The optional dependency sets also give the developer the option to manually list out the dependencies of the clients rather than relying upon what the package thinks is required, which can be beneficial in certain circumstances. For instance, AWS lambda functions come with `boto3` and `botocore` pre-installed, so it's not necessary to include these (rather hefty) dependencies in the lambda deployment package.

## Troubleshooting
### Using PostgreSQLClient in an AWS Lambda
Because `psycopg` requires a statically linked version of the `libpq` library, the `PostgreSQLClient` cannot be installed as-is in an AWS Lambda function.

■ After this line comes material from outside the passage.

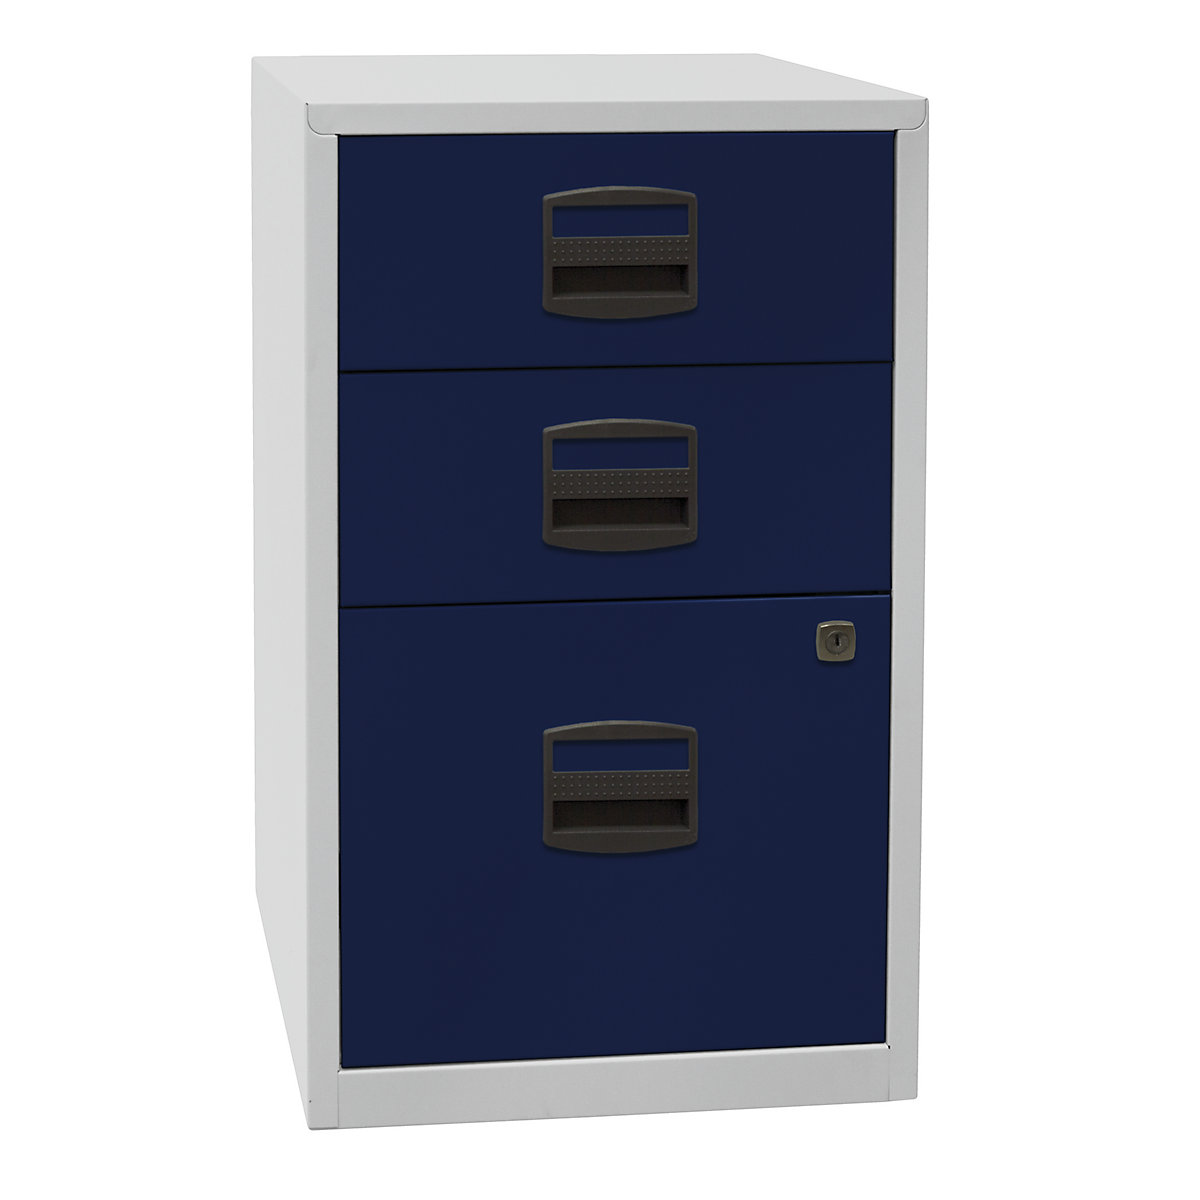 Stanski predalnik PFA – BISLEY, 2 predala, 1 okvir za obešalne mape, svetlo siva / oxfordsko modra-3

Instead, it must be packaged as follows:
```bash
pip install --target ./package nypl-py-utils[postgresql-client]==1.x.y

pip install \
    --platform manylinux2014_x86_64 \
    --target=./package \
    --implementation cp \
    --python 3.9 \
    --only-binary=:all: --upgrade \
    'psycopg[binary]'
```

### Using PostgreSQLClient locally
If using the `PostgreSQLClient` produces the following error locally:
```
ImportError: no pq wrapper available.
Attempts made:
- couldn't import psycopg 'c' implementation: No module named 'psycopg_c'
- couldn't import psycopg 'binary' implementation: No module named 'psycopg_binary'
- couldn't import psycopg 'python' implementation: dlsym(0x7f8620446f40, PQsslInUse): symbol not found
```

then try running:
```bash
pip uninstall psycopg
pip install "psycopg[c]"
```

## Git workflow
This repo uses the [Main-QA-Production](https://github.com/NYPL/engineering-general/blob/main/standards/git-workflow.md#main-qa-production) git workflow.

[`main`](https://github.com/NYPL/python-utils/tree/main) has the latest and greatest commits, [`qa`](https://github.com/NYPL/python-utils/tree/qa) has what's in our QA environment, and [`production`](https://github.com/NYPL/python-utils/tree/production) has what's in our production environment.

### Ideal Workflow
- Cut a feature branch off of `main`
- Commit changes to your feature branch
- File a pull request against `main` and assign a reviewer (who must be an owner)
  - Include relevant updates to pyproject.toml and README 
    - If you're planning to cut a release, remember to update **project version** in pyproject.toml!
  - In order for the PR to be accepted, it must pass all unit tests, have no lint issues, and update the CHANGELOG (or contain the `Skip-Changelog` label in GitHub)
- After the PR is accepted, merge into `main`
- Merge `main` > `qa`
- Deploy app to QA on GitHub and confirm it works
- Merge `qa` > `production`
- Deploy app to production on GitHub and confirm it works

## Deployment
The utils repo is deployed as a PyPI package [here](https://pypi.org/project/nypl-py-utils/) and as a Test PyPI package for QA purposes [here](https://test.pypi.org/project/nypl-py-utils/). In order to be deployed, the version listed in `pyproject.toml` **must be updated**. To deploy to Test PyPI, [create a new release](https://github.com/NYPL/python-utils/releases) in GitHub and tag it `qa-vX.X.X`. The GitHub Actions deploy-qa workflow will then build and publish the package. To deploy to production PyPI, create a release and tag it `production-vX.X.X`.